In his dreams, Stanley meets Asher, a twenty-one year old, who becomes his confidante and paramour. Once more, it is not just dreams; Asher is part of a spiritual world in which he is one of The Midnight Men, whose role it is to enter people’s dreams and guide their souls—themselves—to a better place. 

What ends up happening for the reader is a surprisingly detailed study of the relationship between Stanley and Francesco. It is easy to take sides at first, but it becomes less clear cut as the author probes more deeply into both characters. As we see them for who they really are, we begin to understand how their path has gone astray. 

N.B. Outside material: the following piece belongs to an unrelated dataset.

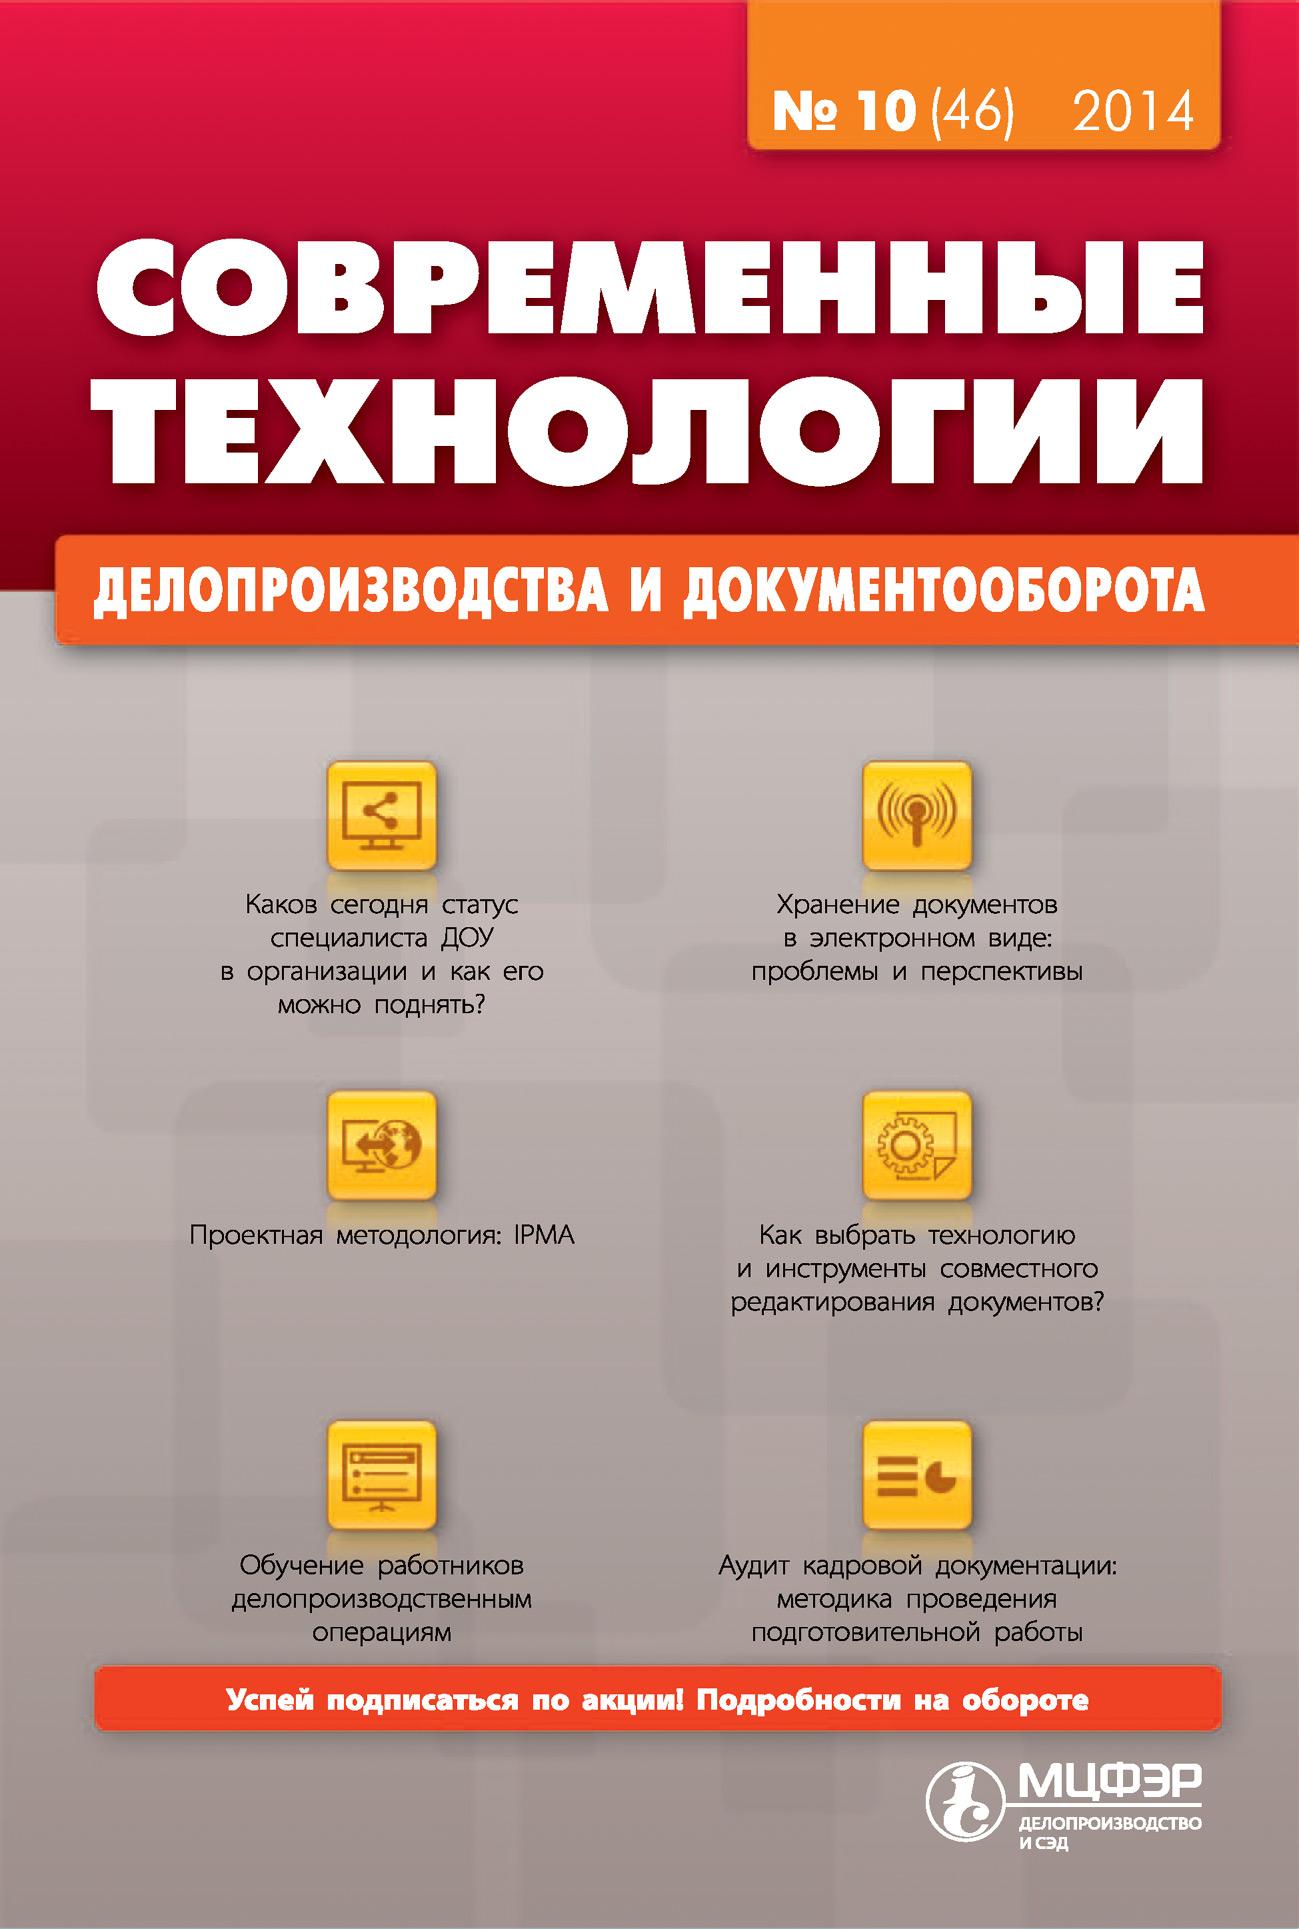 Современные технологии делопроизводства и документооборота № 10 (46) 2014

I want to give props to the author for giving us Adelaide, Stanley’s mother. At first presented as slightly surreal, almost an archetype, she becomes more interesting and more vivid as the story progresses. She is rooted in Stanley’s past, while Asher is rooted in his present (if only in dreams). Both of them play crucial roles in the way the narrative plays out. 

Last week my grown son (my husband and I adopted two children twenty-five years ago) asked me, out of the blue, “Why did Daddy stay with you all these years?” I had no idea what to tell him. This book gave me some ideas.

Four stars.

The Reviewer

Ulysses Grant Dietz grew up in Syracuse, New York, where his Leave It to Beaver life was enlivened by his fascination with vampires, from Bela Lugosi to Barnabas Collins. He studied French at Yale, and was trained to be a museum curator at the University of Delaware. A curator since 1980, Ulysses has never stopped writing fiction for the sheer pleasure of it. He created the character of Desmond Beckwith in 1988 as his personal response to Anne Rice’s landmark novels. Alyson Books released his first novel, Desmond, in 1998. Vampire in Suburbia, the sequel to Desmond, is his second novel.

Ulysses lives in suburban New Jersey with his husband of over 41 years and their two almost-grown children.

By the way, the name Ulysses was not his parents’ idea of a joke: he is a great-great grandson of Ulysses S. Grant, and his mother was the President’s last living great-grandchild. Every year on April 27 he gives a speech at Grant’s Tomb in New York City.